Анатолий остался в кабинете, а я двинулся через двор к выбеленному домику туалета у забора.
   Вовка стоял, спрятав лицо в угол. Сразу я его даже и не узнал.  Постриженного наголо, в фланелевой пижаме машинного цвета. Он коротко зыкнул на меня и теснее вжался в угол и только через несколько секунд оглянулся снова. Узнал. Будто отмахнулся, а затем как-то боком, вместе с рождающимися, но со сдержанными рыданиями, придвинулся, уткнулся в пояс и дал волю слезам.
   -Дядь Женя! Дядь Женя! Ты, ты…ты…. - от уверенного в себе, чуть хитроватого, приспособленного ко всем горестям и невзгодам жизни мужичка ничего не осталось.
   -Ты же... вы же обещали, что меня стричь не будут.-Сквозь рыдания мальчишки с трудом с большим трудом понял я. Больше он не говорил ни слова. Плакал Вовка,как, наверное, никогда не плакал до этого, выросший в суровых условиях ожогов и ссадин, которые научился переносить мужественно и самостоятельно.А теперь он  откровенно плакал скорее всего от того, что столкнулся с моим предательством данного обещания.
 
  Заведующий неловко оправдывался, превратившись из начальника в обычного усталого человека пенсионного возраста.
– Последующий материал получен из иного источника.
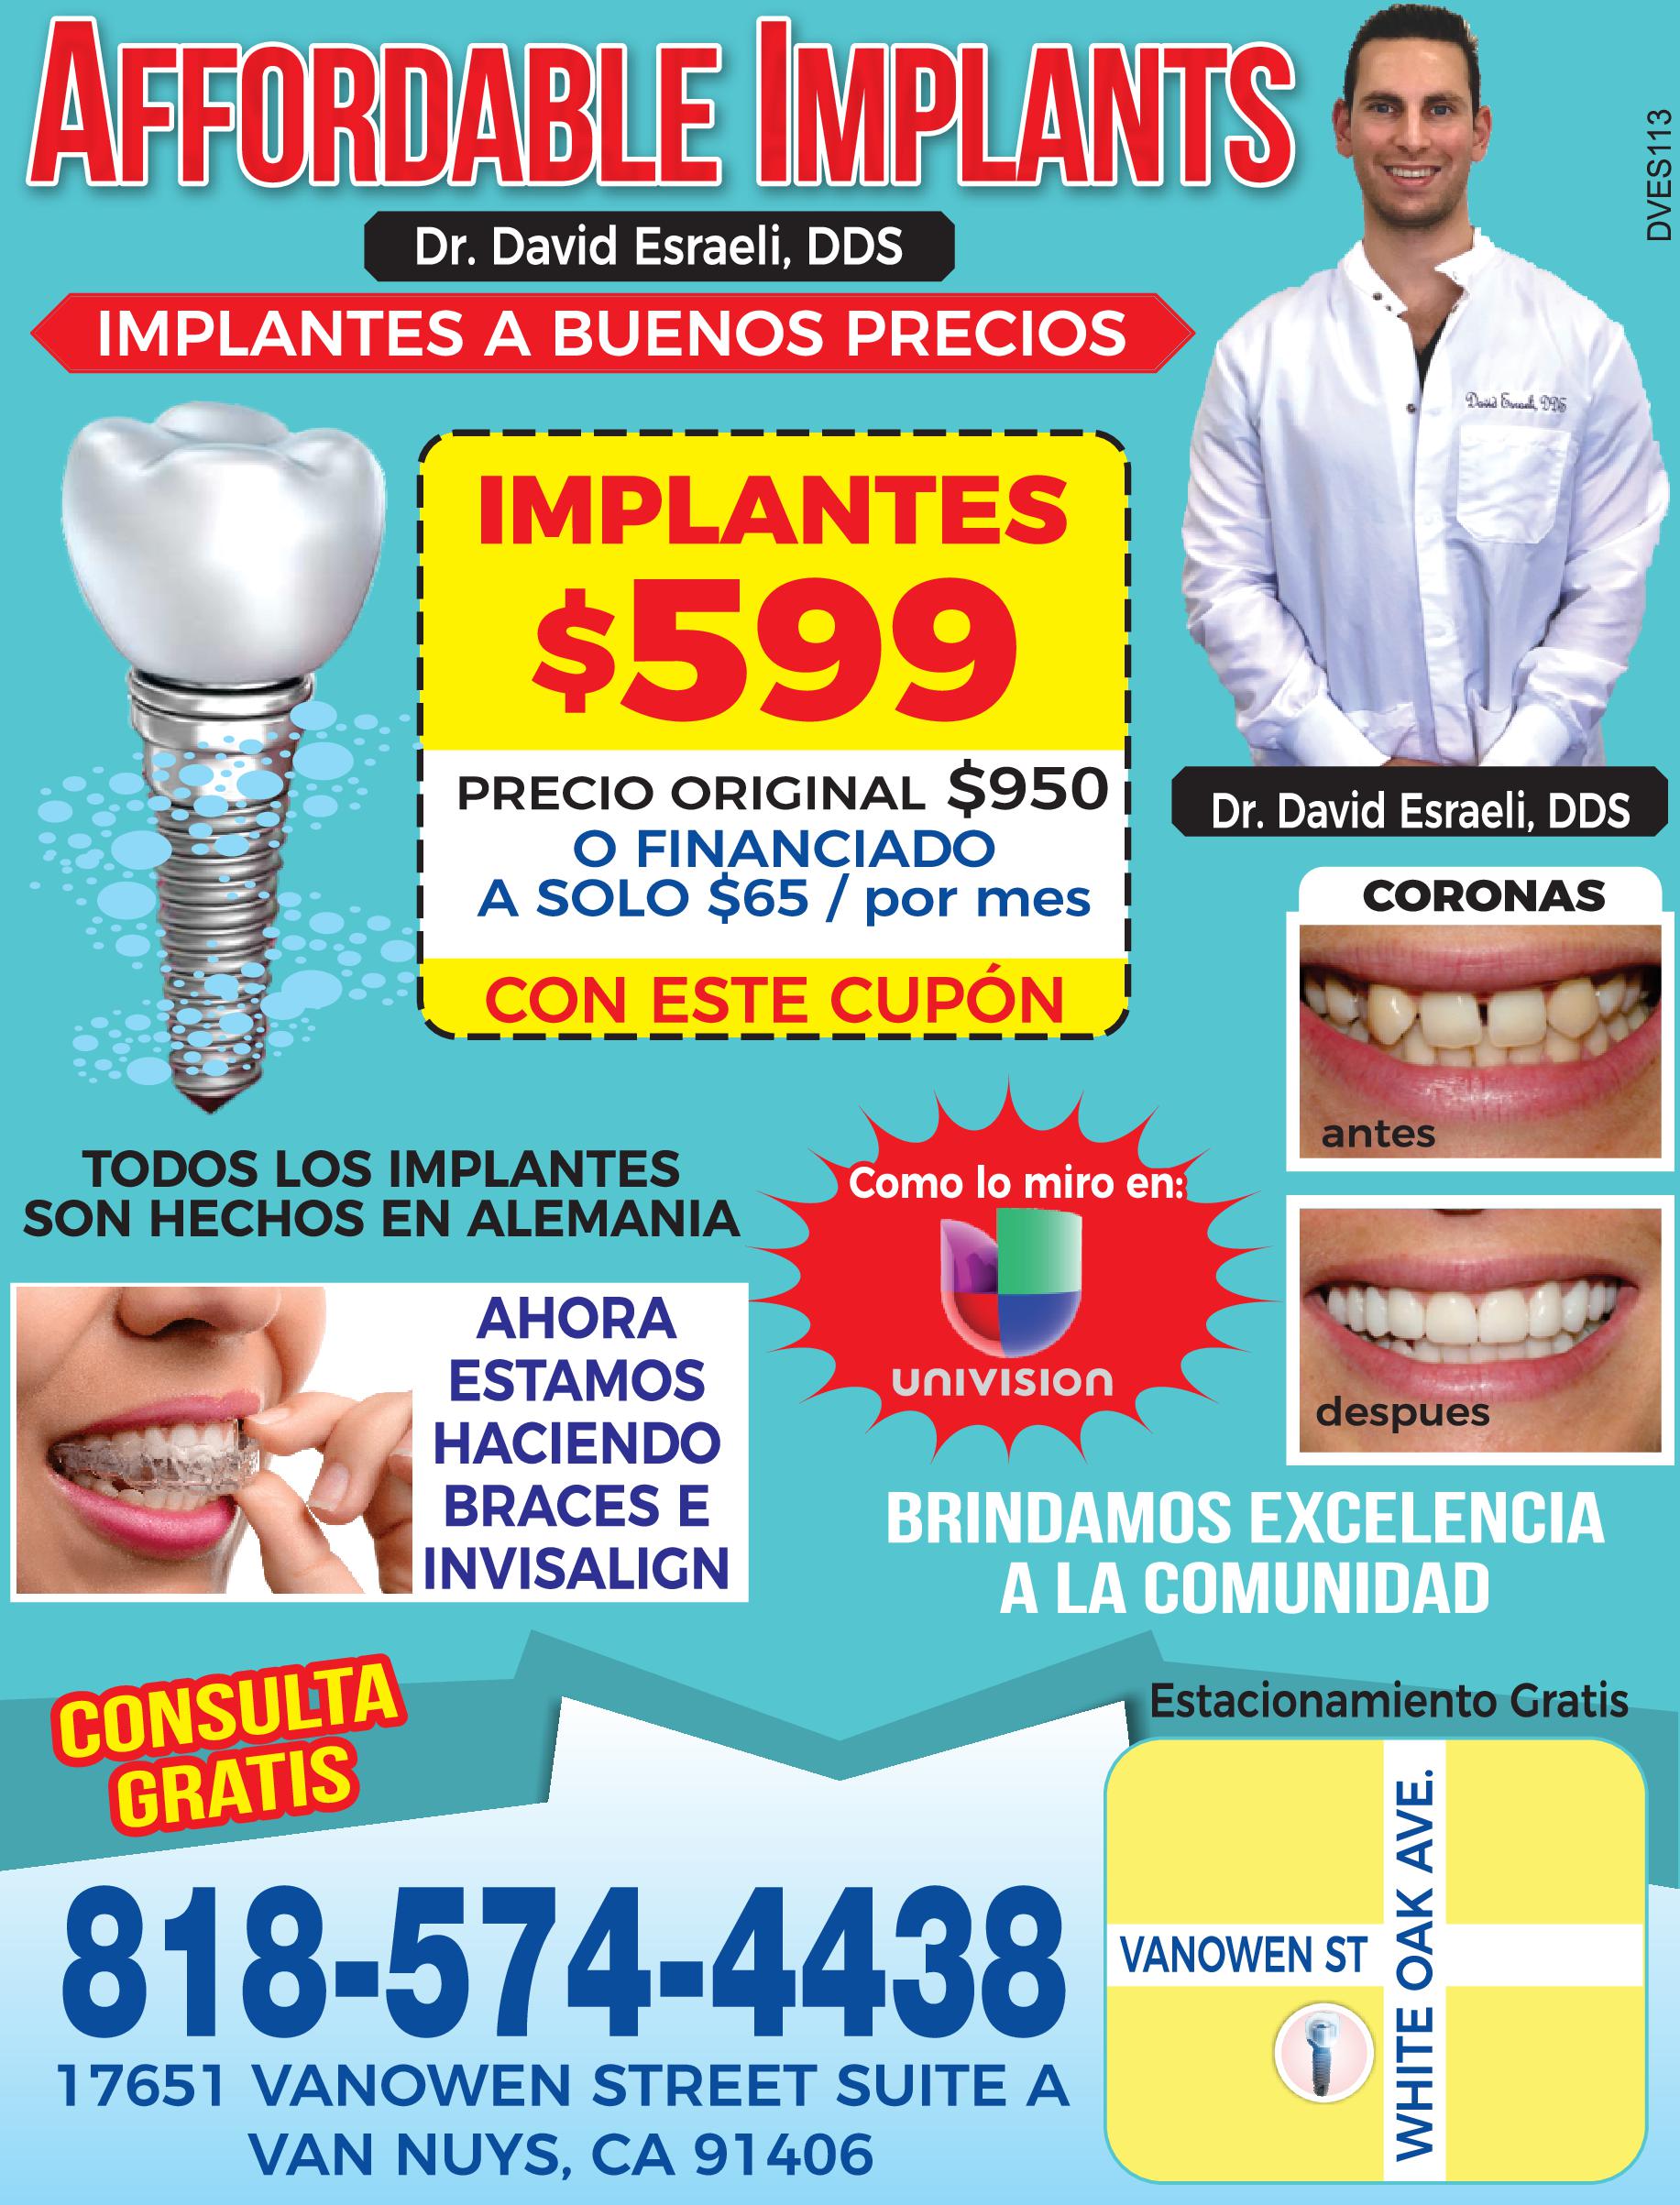 Affordable Implants-implantes A Buenos Precios-david Esraeli Dds

   -Понимаете, ребята, на обед я пошел. Не сообразил предупредить вторую смену. А те решили, что это недоработка первой смены, и... Началось. Вот оба и в разнос.
   В кабинете снова оказалась Нина. За окном сидел на скамейке Вовка, успокоившийся с виду. Возле что-то ему говорил Сережка.
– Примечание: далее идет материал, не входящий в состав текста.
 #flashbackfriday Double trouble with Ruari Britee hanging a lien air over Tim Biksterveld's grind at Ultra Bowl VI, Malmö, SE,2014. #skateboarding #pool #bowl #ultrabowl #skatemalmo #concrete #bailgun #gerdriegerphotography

   -Мы здесь не останемся, так и знайте, в этой вашей тюряге!
   Мы молчали, дали ей выговориться.
   -Не останемся! Не останемся! - Дело шло еще к одной истерике.-Все равно сбежим...
   -Да погоди. Помолчи минутку. - Последние слова зав сказал совсем тихо. - Нет. Нет, ребята. Вы здесь не останетесь. Братишки будут с тобой. Это я тебе твердо обещаю.
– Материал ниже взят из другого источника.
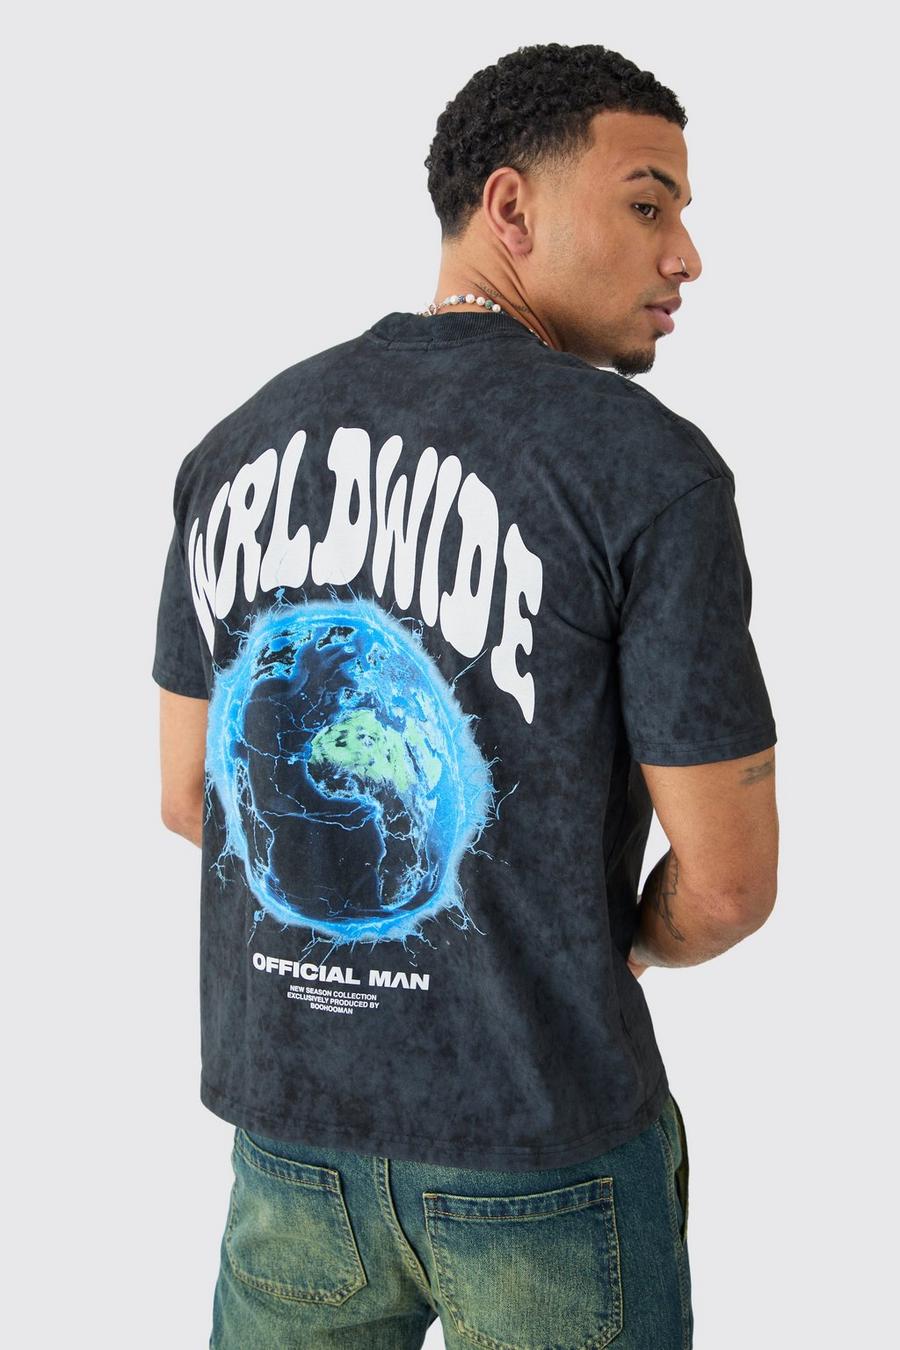 Kastiges Worldwide T-Shirt, Black

   Нам с Анатолием больше нечего было сделать в кабинете и детприемнике.

   Во дворе я попытался объяснить Вовке, как произошла его стрижка. Сережка смотрел на меня с нескрываемой ненавистью. Вовка? Видно, он в тот момент мало что понял из моего объяснения, но в качестве прощения сказал:
   -Я на вас не обижаюсь.
   -До свидания, Вовка!
   Он кивнул, не поднимая глаза.

   Анатолий на ходу достал из кармана сигареты и спички, прикурил и, когда мы проходили мимо зарешеченного окошка, толкнул коробок и пачку в проем между прутьями.
   -Спасибо, мальчики! Вы настоящие друзья, - откликнулась Валя. - А нас теперь трое, но меня  уж скоро увезут, наверное, в колонию.
   Никто во дворе не обратил внимания на то, что Толя бросил в карцер или изолятор сигареты и спички. Мы приостановились.
   -A можно я вам напишу? - На Валином лице не было ни кокетства, ни кривляния.-Можно? Обоим вам?
   -Валяй. - Толя вынул ручку и блокнот, написал адрес и вырвал листок.
   -Мальчики, я ведь и правда,  напишу вам. Как только - так сразу!
   Мы оба понимали, что никто нам ничего не напишет, что это обещание - дань, своего рода благодарность за сигареты и спички.
   -Зачем ты, Толя?
   -А чтобы хоть немножко отличаться от тех, кто сначала закурить давал, а затем спрашивал. Я просто адрес дал. Может это её согреет.
   -Нельзя же здесь и вообще...
   -Много чего нельзя. Многого. Из дома ее выгонять было нельзя. А ведь с чего началось. С чего-то ведь все началось? Как у нашей. А эту все равно опять обыщут, отберут... сигареты.
   За нами снова грохнул засов бронированной двери. Но его звук никак не укладывался с несколькими словами, которые произнесла мрачная вахтерша, когда открывала нам запоры выхода.
   -Вы, видать, с Севера. Валюху-горюху пожалели, вот.
   Перед тем, как выйти мы приостановились перед дверным проемом.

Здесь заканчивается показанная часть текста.